Senate President Robert Stivers, R-Manchester, sought the wide-ranging study. Among other questions, it was to address the feasibility of expanding access to higher education in Southeastern Kentucky through three means: establishing a new residential public university, acquiring a private university or establishing a residential campus as a satellite of an existing regional public university.
The CPE study found that each of the three options “is in some way problematic.”?
No private institution has expressed an interest in becoming public, and acquiring one would be a “complicated legal process,” the study said.
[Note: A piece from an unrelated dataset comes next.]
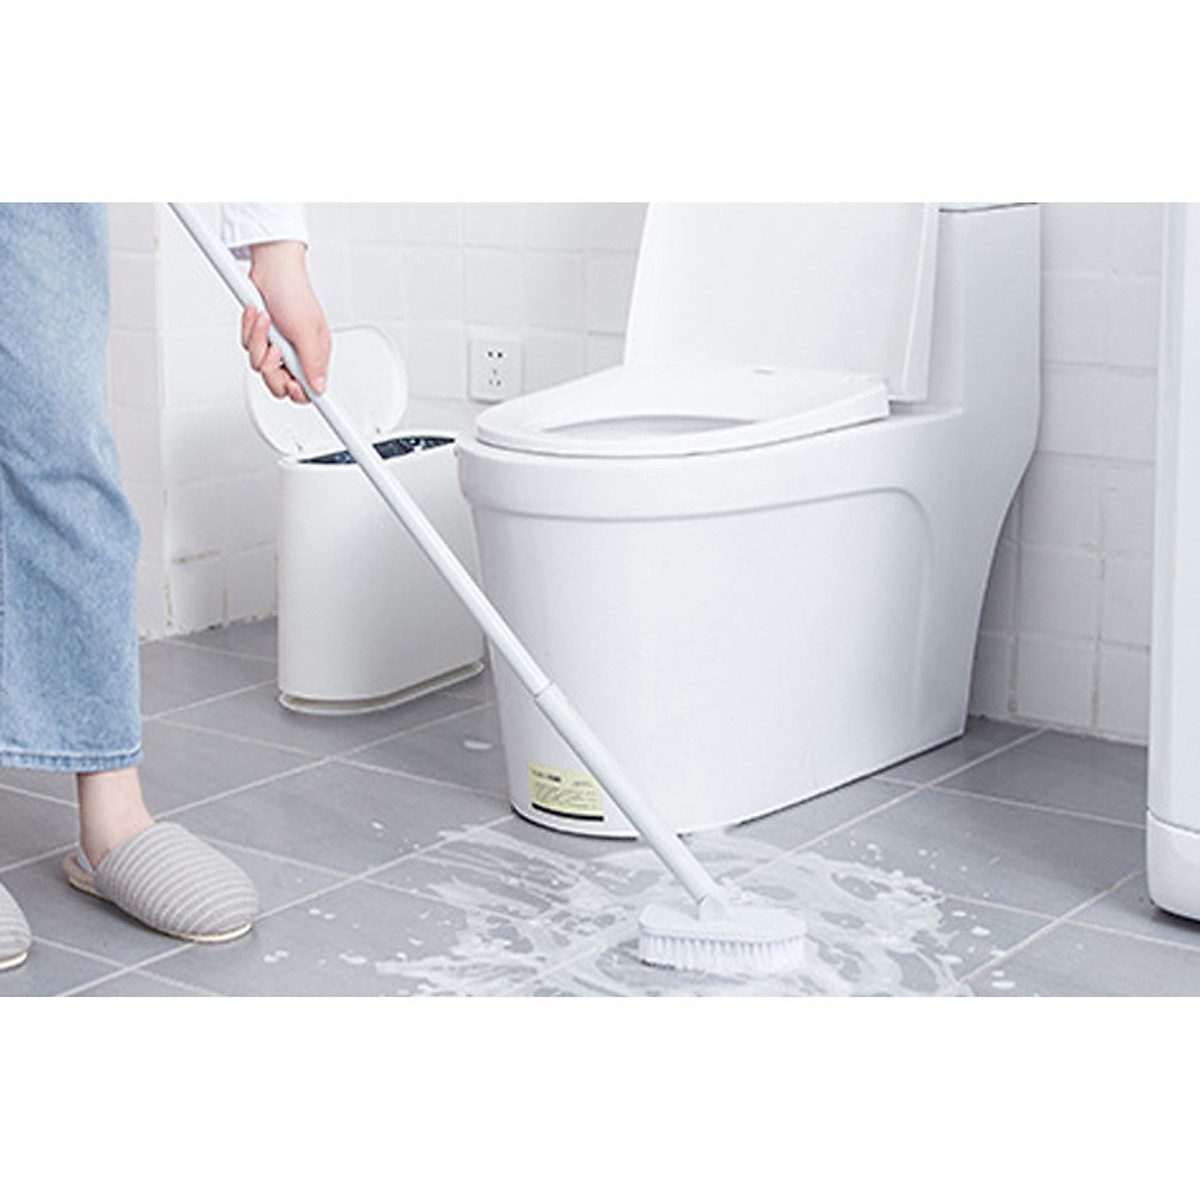 Dụng cụ vệ sinh chất lượng cao giúp bạn dễ dàng làm sạch mọi góc cạnh của nhà. Với các loại sản phẩm chuyên dụng, bạn có thể tiết kiệm thời gian và công sức trong việc làm sạch và giữ gìn vệ sinh nhà cửa. Hãy trải nghiệm sự tiện lợi và hiệu quả của dụng cụ vệ sinh ngay hôm nay!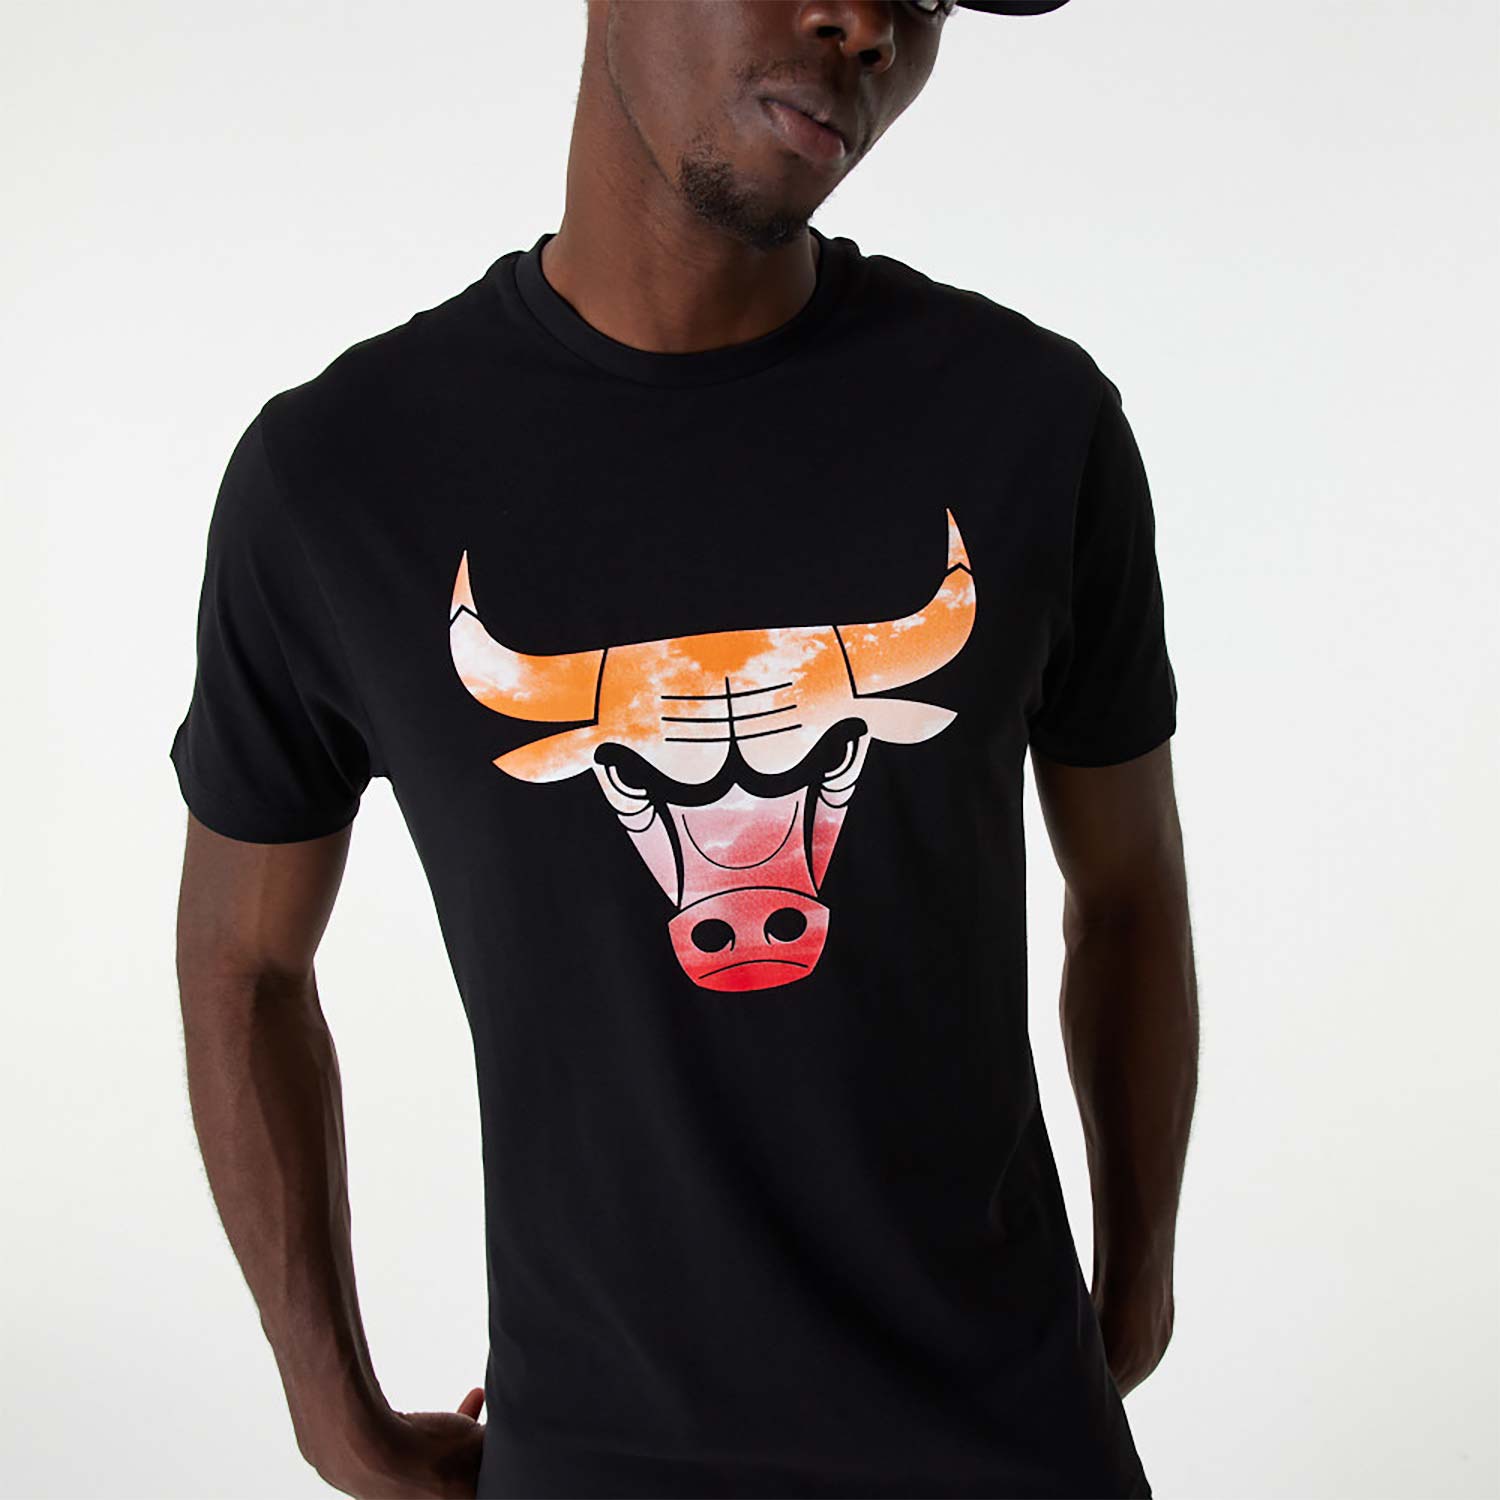 NEW NBA Chicago Bulls Black T-Shirt Red Bull Checkered Flag for

Also, enrollment and degree production in existing satellite programs has “declined precipitously” making it unlikely a “new regional satellite would receive adequate resources and attention.”
However, CPE identified other options involving Hazard Community and Technical College (HCTC) for expanding access to four-year degree programs.
CPE’s “preferred approach” would be making HCTC a stand-alone college or university offering both sub-baccalaureate technical programs and a few bachelor’s programs “in line with area workforce demand.”?
However, the study’s draft executive summary, says CPE cannot provide an unqualified endorsement of this option without more stakeholder engagement, risk-benefit analysis and understanding of student demand.?
CPE estimates the cost of a 96-bed dormitory at Hazard would be $18.2 million, adding, “The legislature might consider a non-traditional housing option for single parents, veterans, transition foster youth, or justice-impacted populations as traditional students are likely to live at home.”?
The CPE determined that the Kentucky River Area Development District would be the best location for an increased university presence because it is a “postsecondary desert,” lacking broad access to a university. Hazard is centrally located in the district at the Hal Rogers Parkway and KY 15.
Another option at Hazard would be enhancing the visibility and impact of the University Center of the Mountains, a collaboration of four year universities working with community colleges, although it would be unlikely to produce the kinds of economic impacts envisioned by Stivers’ Senate Joint Resolution 98.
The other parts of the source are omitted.